End result of this is that the user decides to re-use the alignment, but compute a new tree for a subset of OTUs, in order to obtain bootstrap values.

Subsequent user steps

  1. user spends hours reconciling names (different naming scheme for OTUs in tree and alignment)
  2. user combines alignment and tree in one file using Mesquite
  3. user uses an interactive tool ( to prune the tree to the target group (proteobacteria)
  4. user runs a RAXML analysis on pruned alignment using the CIPRES server, including bootstrap replicates

Rodent systematics

User: Ryan W. Norris


User (Ryan W Norris) has a dual interest in rodent systematics, including classification of newly characterized species, and fossil calibration of molecular trees with respect to the KT explosion hypothesis. In most cases, he uses BEAST and PAUP* to compute trees from compound alignments, based on DNA sequences for mitochondrial and nuclear genes. [7]

User says "I use GenBank all the time", successfully, in spite of a few cases of things not in GenBank (obtained by querying author). User has not re-used trees. However, user has re-used data matrices and alignments.
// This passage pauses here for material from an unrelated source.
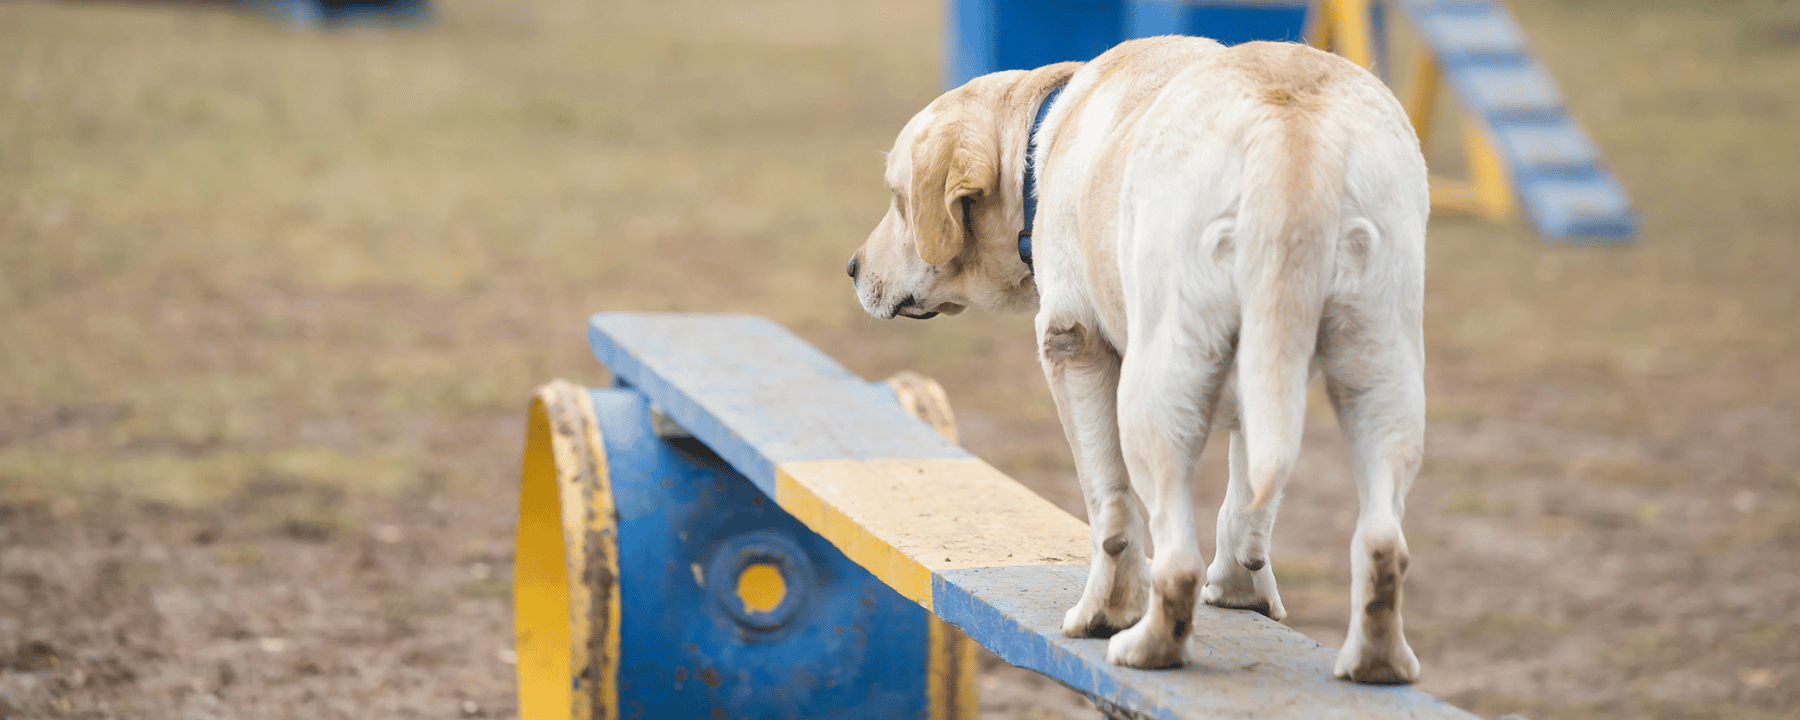 Ein Hund steht auf einem schwebenden Balken

User steps before decision to re-use or not

  1. searched for data from specific papers ("classic" papers well known in field)
  2. searched TB, trying to find which genes had big data sets for rodents
    • found hits to compound alignments
    • downloaded NEXUS
    • try to fill in gaps
      • tried to find additional genes in GenBank (i.e., updating data)
      • pruned out species with missing genes (MacClade)
      • added newly determined sequences to alignment (unpublished user data)
  3. also found morphological fossil data sets
    • identified and located from literature survey of field
    • data represented in published image of a NEXUS file (or, in some cases, PDF)
    • hand-entered data into electronic NEXUS file
    • wanted to coordinate with molecular tree, but it was too difficult
      • difficult to make constraints tree due to poor overlap in taxa between the molecular and morphological datasets
      • high proportion of missing data
      • unable to replicate results in original study (treatment of uncertain states possibly not as described in published paper)

Subsequent user steps

  1. after building up a data set starting from a re-used matrix
    • re-align
    • phylo analysis
    • results to go in publications in rodent systematics
  2. user re-uses his own old alignments frequently
    • user's 12S and 16S alignments (with structure notes) used as template for aligning new sequences

Molecular phylogeny of plant defense genes

User: Ian Major


Some references to published work (other phylogenies are in progress)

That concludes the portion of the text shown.